The generated playbooks aren’t perfect out of the box. They’re drafts. But they cut the initial authoring time from hours to minutes, and you can edit the result in the visual editor before saving it to your library.

MCP (Model Context Protocol) hooks are built in for AI-assisted execution, so the tool can integrate with AI agents that help analysts work through complex procedures.

SOAR Integration

The built-in action library connects to real response platforms. This isn’t a standalone diagram tool anymore. It’s a lightweight SOAR engine.

When a playbook step says “isolate the host,” you can wire that to an actual API call. When it says “check reputation,” it can query your threat intel platforms. The gap between “what the playbook says to do” and “actually doing it” gets smaller.

Export and Sharing

Playbooks export to Markdown, Mermaid, and JSON. Import works the same way, including bulk import for teams migrating existing procedure libraries. Share links let you hand a playbook to someone without giving them access to the full system. Print CSS makes hard copies readable if someone still wants a binder (I won’t judge).

Five Visual Themes

SOC, Analyst, Terminal, Command, Cyber. Different color schemes, typography, layout density. What works on a large monitor in a SOC might not work on a laptop during field response.

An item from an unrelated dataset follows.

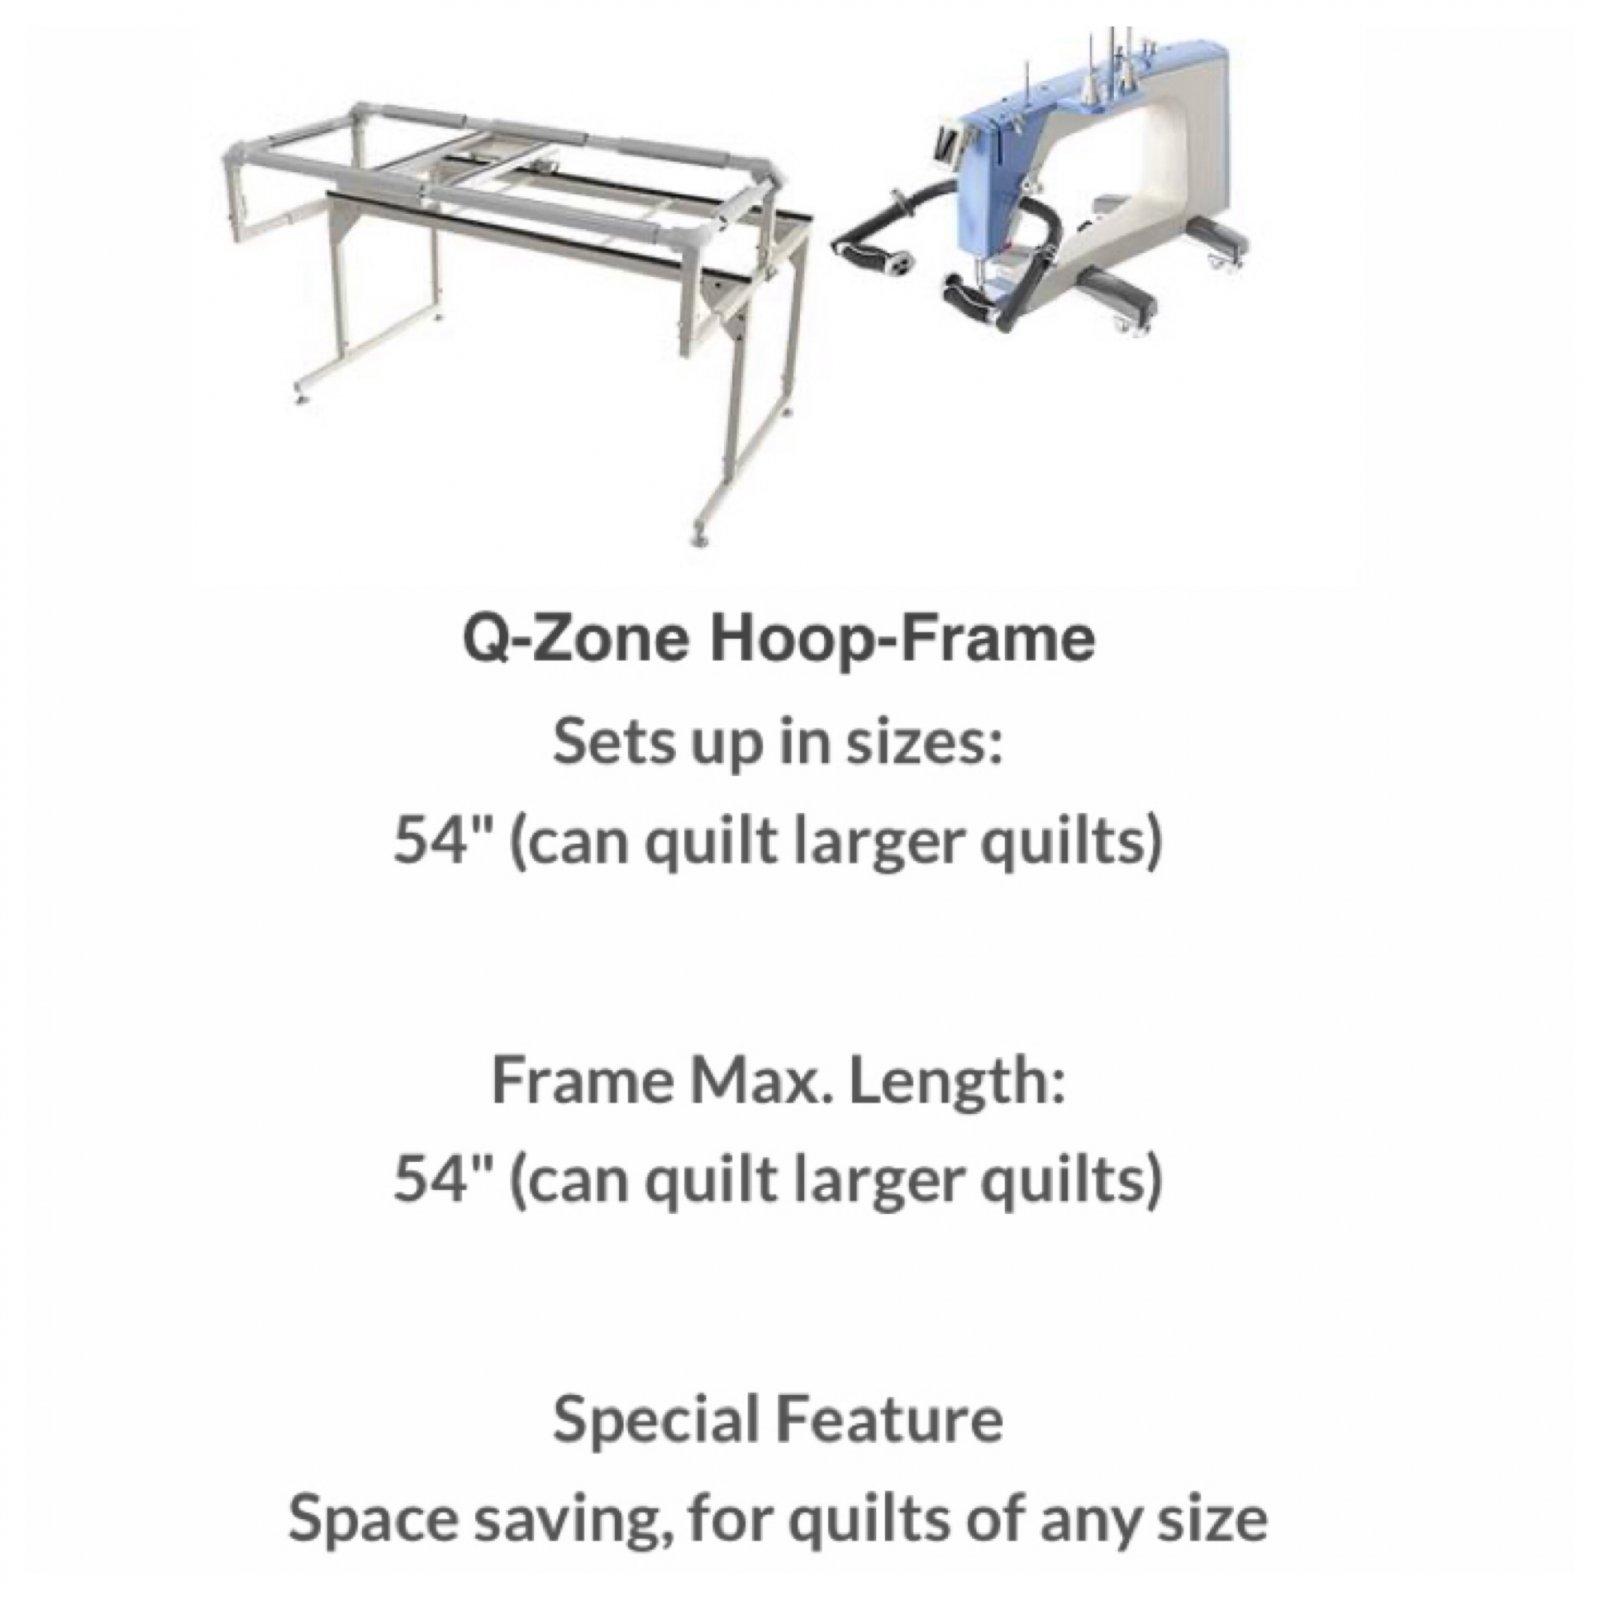 June Deal Q'nique 19 + Q-Zone Hoop Frame + FREE Light Bar

Keyboard shortcuts switch between them instantly. No page reload, no settings menu. Hit a number key and the whole interface re-skins.

Why I Actually Built This

The deeper reason is accessibility. Not visual accessibility (though the themes do consider contrast). I mean making incident response knowledge accessible to people who need it most.

Junior analysts, new team members, small organizations without dedicated IR staff. A flowchart communicates hierarchy, sequence, and decision logic in ways prose can’t match. You trace a path through a flowchart in seconds. The same path through a document takes minutes of careful reading.

NIST 800-61 is an excellent framework, but it’s written for people who already understand the concepts. Playbook Forge bridges the gap between the framework and the humans executing procedures. Turning the abstract lifecycle into concrete visual steps, with a real execution engine behind them, helps teams actually follow their playbooks instead of just having them.

What I Learned

The gap between documentation and usability is where most teams struggle. The knowledge exists. It’s written down. But the format makes it unusable when it matters most.

Text parsing, even semi-structured text, is messier than you’d expect. Real-world playbook documents have edge cases I never would have anticipated.

Building the execution engine changed the entire tool. A static flowchart is nice. A flowchart you can run, track, and review is a different category of useful.

ReactFlow is excellent for this use case. The custom node system is flexible enough for domain-specific concepts without fighting the framework. FastAPI continues to be my go-to for Python APIs. Type hints, automatic validation, built-in docs. And adding SQLite persistence with SQLAlchemy was straightforward enough that there was no reason to leave playbooks as ephemeral artifacts.

Playbook Forge is on my GitHub. If your team has incident response playbooks gathering dust on a shared drive, try running one through it. Seeing your procedures as a live, executable flowchart might change how you think about them.